> TASK INSTRUCTIONS:
Each line below must be transcribed exactly, and no picture may appear in the transcription.

> COLLECTED DATA:
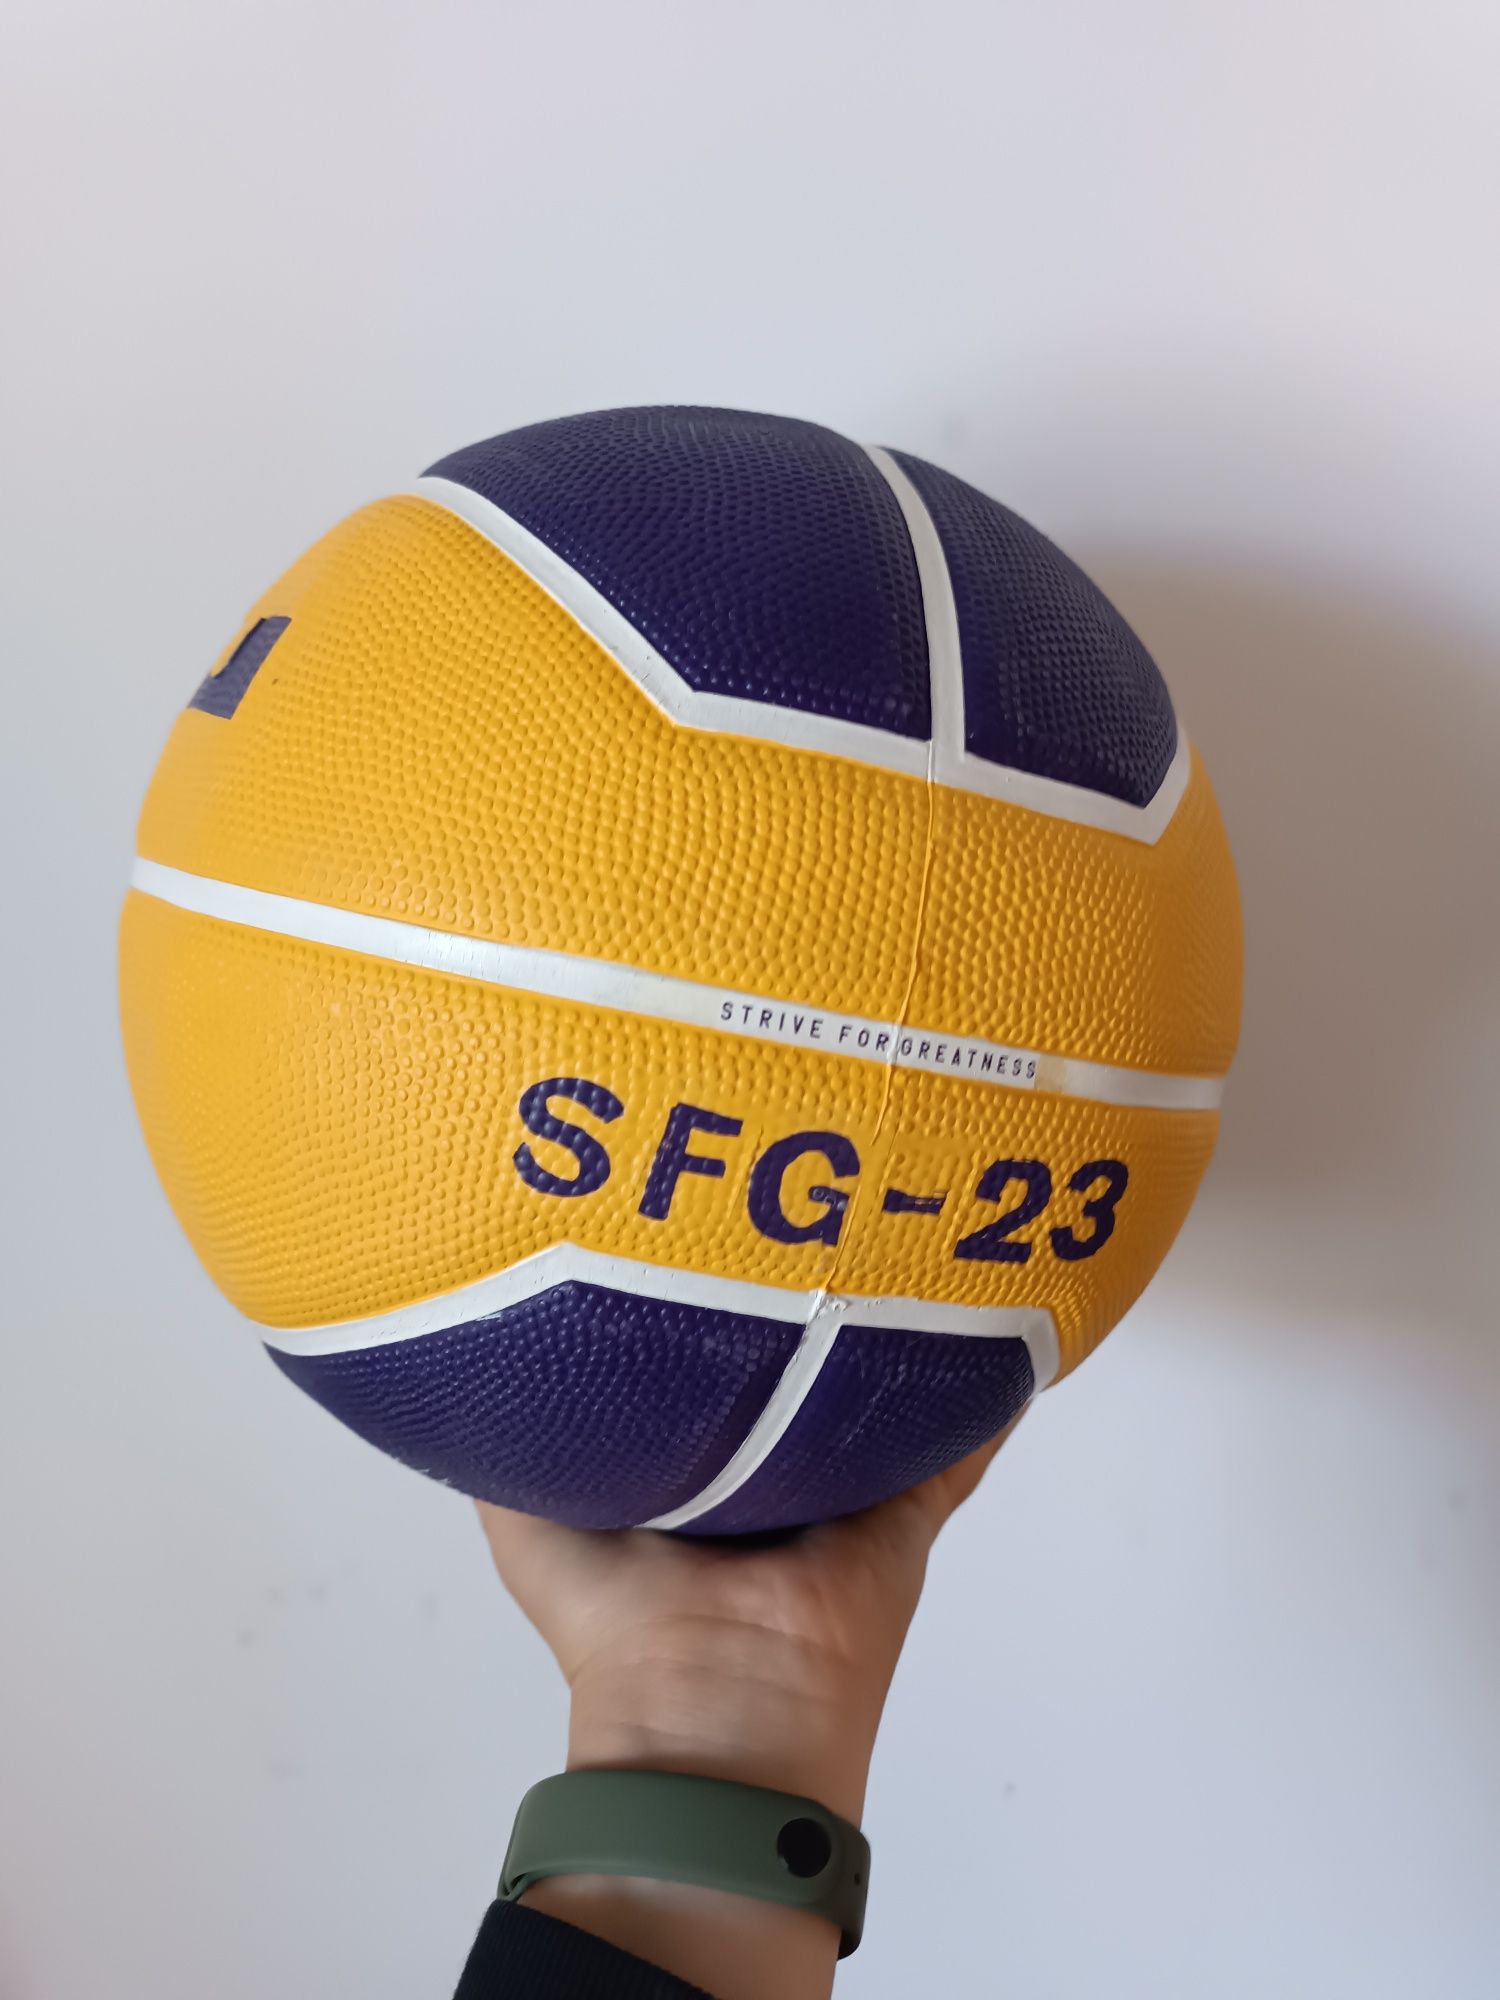 Баскетбольний м'яч Nike Lebron size 7
Size 7
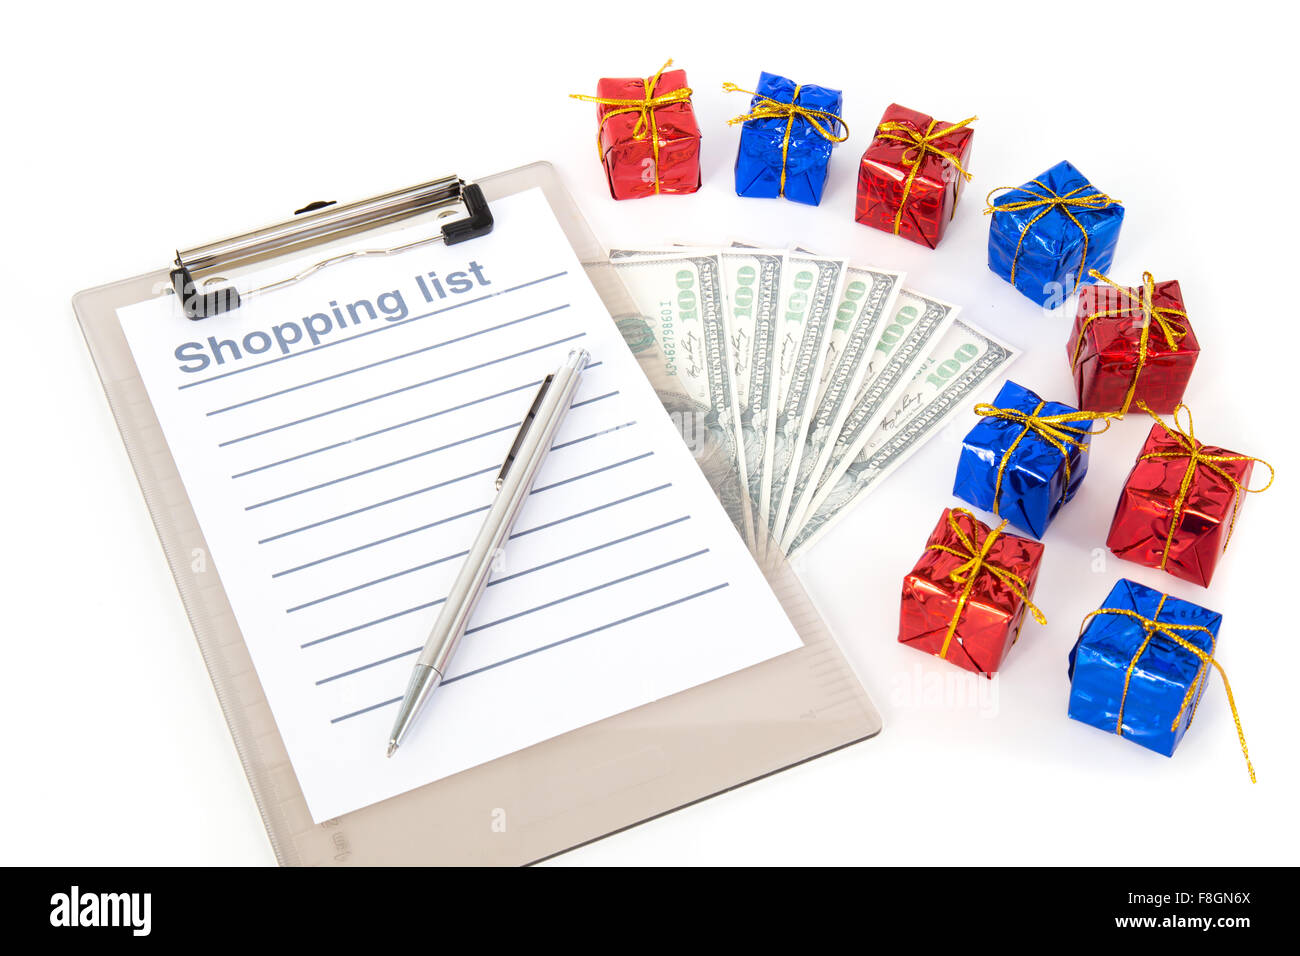 Christmas shopping list with dollar bills Stock Photo

> TASK ANSWER:
 Баскетбольний м'яч Nike Lebron size 7
Size 7
 Christmas shopping list with dollar bills Stock Photo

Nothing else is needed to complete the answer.